Thursday, 12 January 2012

What to do in case of an earthquake


Today it's been two years. It was nearly midnight on January 12th 2010.   My older brother had posted a few messages on Facebook, announcing that the earth was rattling pretty badly in the Dominican Republic and the rest of our island.  A few hours later, I became aware that a terrible earthquake had taken place in the poorest country of the Western hemisphere.  It was impossible to read and watch the news about Haiti without feeling devastated. Almost paralysed of sorrow and horror, I called my parents back home.

“Ay mi hija, it is indescribable, so terribly sad.  If you can, send some money, we’ll find a way to help.There is not much more you can do just now”.  My parents said over the phone when I broke in tears.

My immense urge to give was greater than anything at that moment. I regretted living so far away. I wished that instead of being a teacher, I was a doctor, a nurse, a rescuer or a wealthy person so I could do something for Haiti. Still sobbing, I asked myself:  “What can you do for Haiti?  Think!  You can’t just sit and cry!”

By inwardly repeating this question, the few things I have learned in Buddhism revealed to me:  that clinging to our own sorrow or anger paralyses us from acting positively; that any problem or difficulty is an opportunity to practice loving kindness and compassion; and, as I once heard the Dalai Lama say: that one should never, under any circumstance, lose hope.  With these thoughts in my mind and reassuring myself that when I wake up I’d be calmer and more able to find an answer, I eventually fell asleep.

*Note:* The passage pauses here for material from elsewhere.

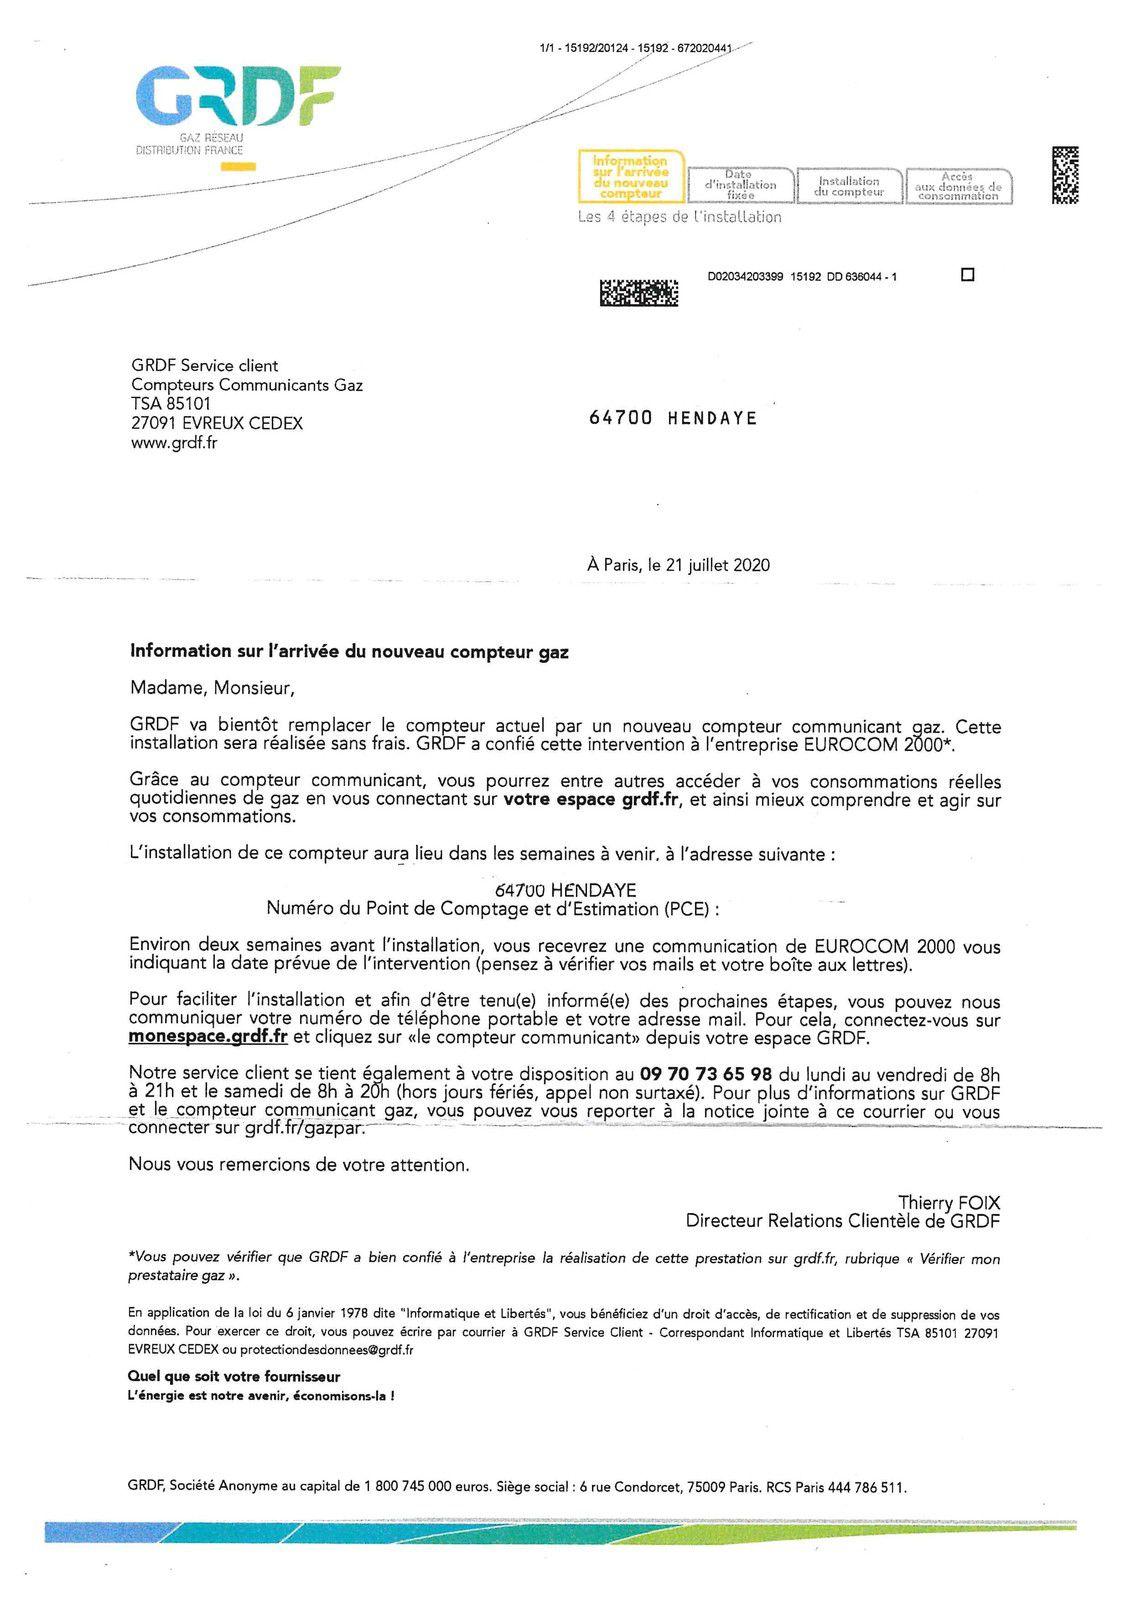 GAZPAR/ALERTE : Des Hendayais/e ont reçu une lettre de GRDF leur annonçant la pose prochaine du compteur de Gaz dit « intelligent »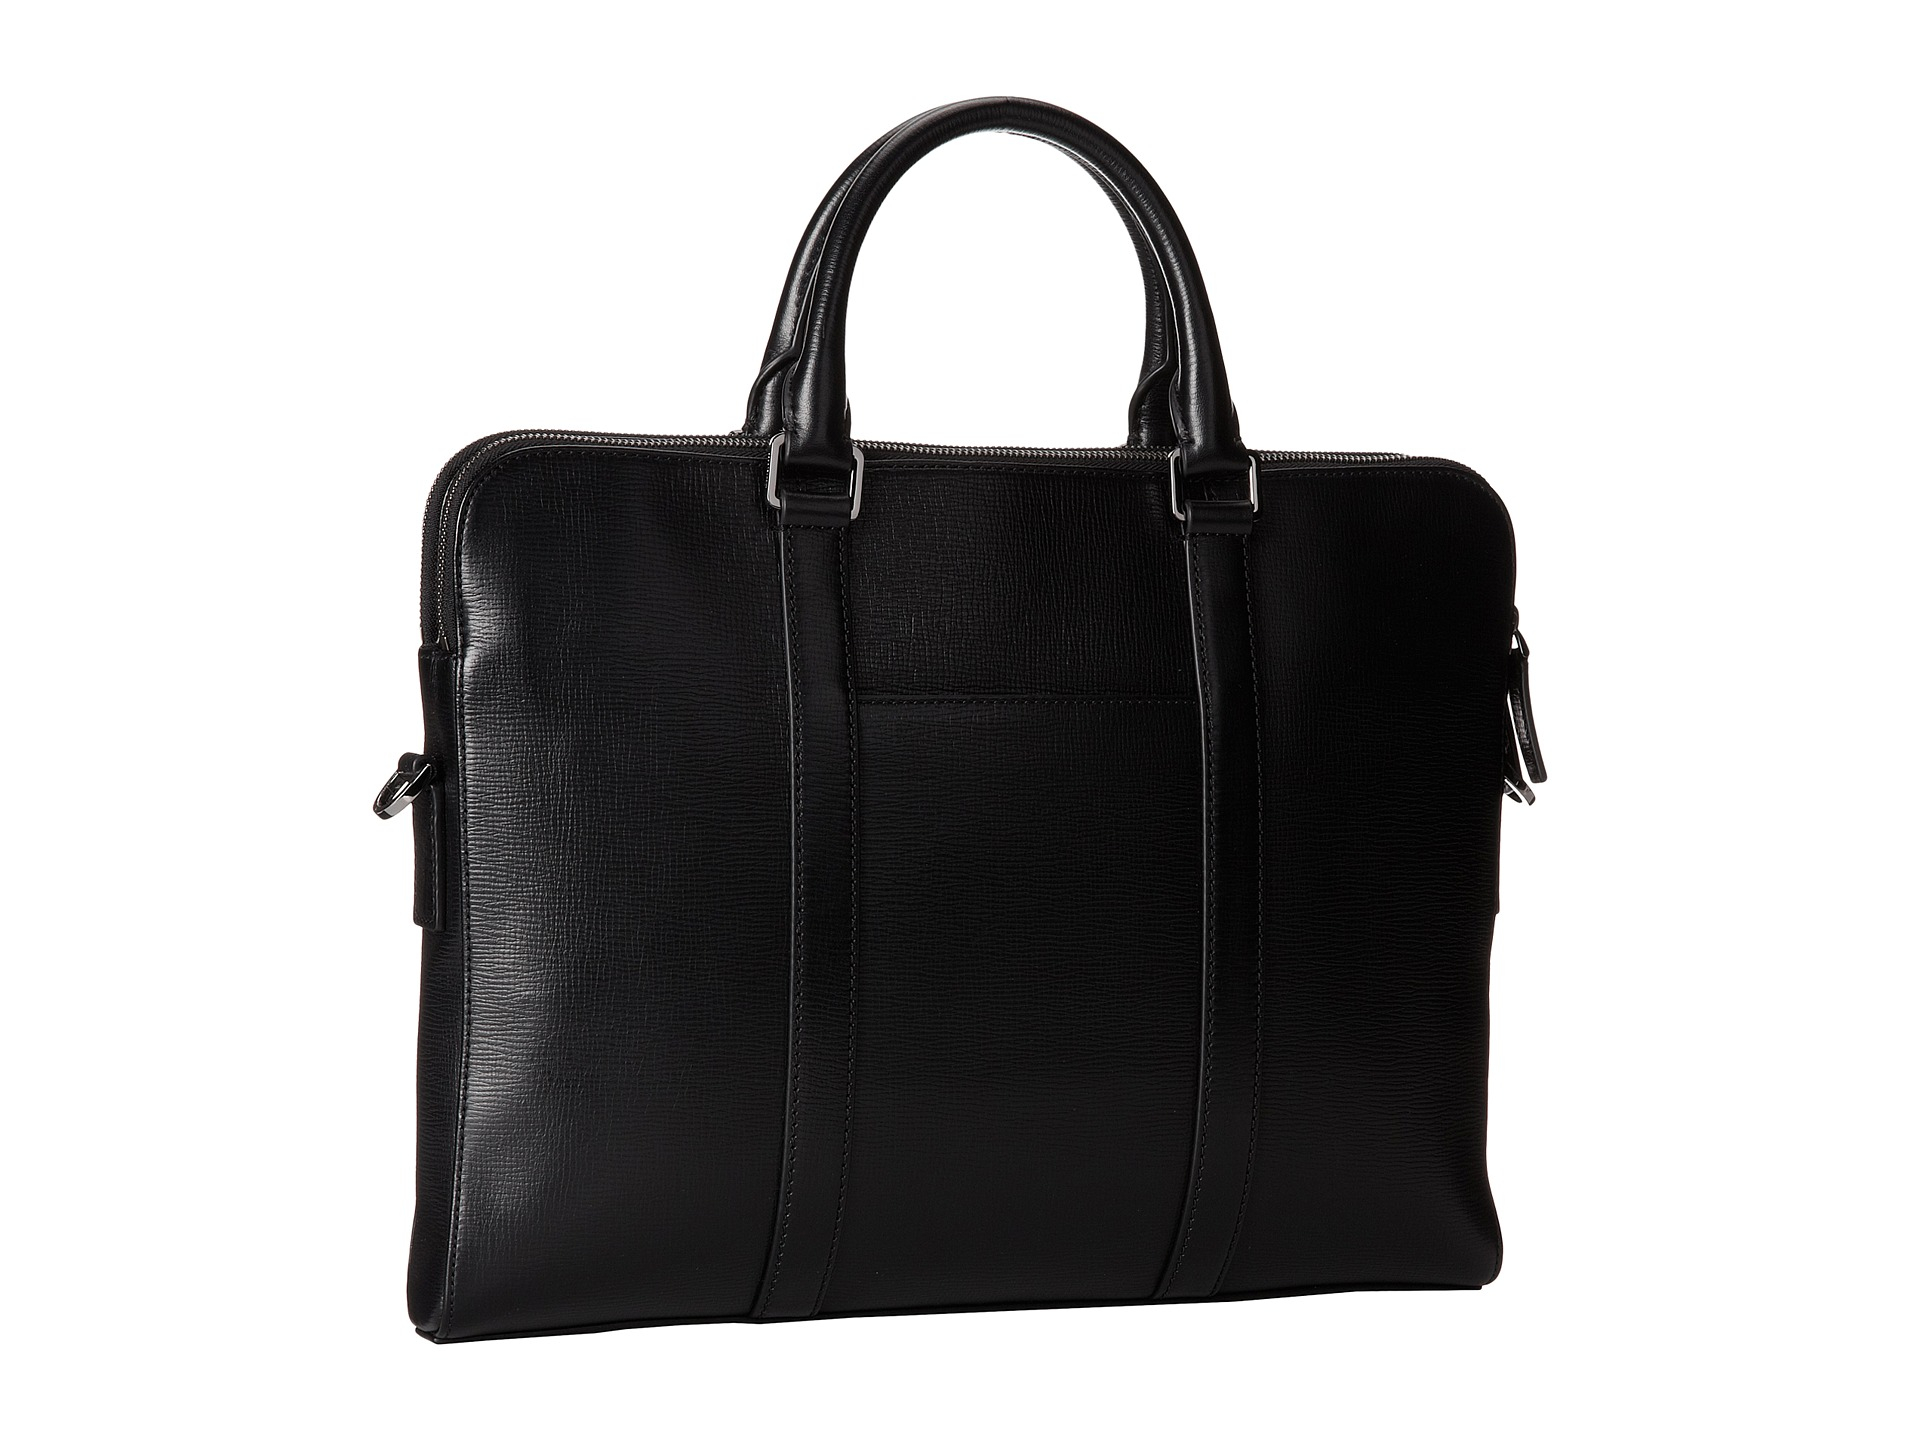 8dee1f580 Michael Kors Warren Double Zip Briefcase in Black for Men - Lyst

At the crack of dawn, I started to post messages on Facebook.  I was asking my network to donate money for Haiti, with the simple reasoning that whatever I could collect would surpass what I alone could give. "If I can give hundred euros, maybe I can triple that. I'd be more than happy with five hundred" I said to myself.

The response was overwhelming. An incredible domino effect followed:  after that fateful night, what started as a tear of powerlessness, anger and sorrow, turned into an unstoppable wave of donations that lasted for about 8 weeks. People started to drop money in my bank account, in my mailbox, in my hands.  Friends of friends started to donate and ask money on my behalf. Students and colleagues knocked on my office door with an envelope in their hands. Every extra cent was another update on my Facebook status, and a personal tag on the logo that symbolised this campaign (see picture). 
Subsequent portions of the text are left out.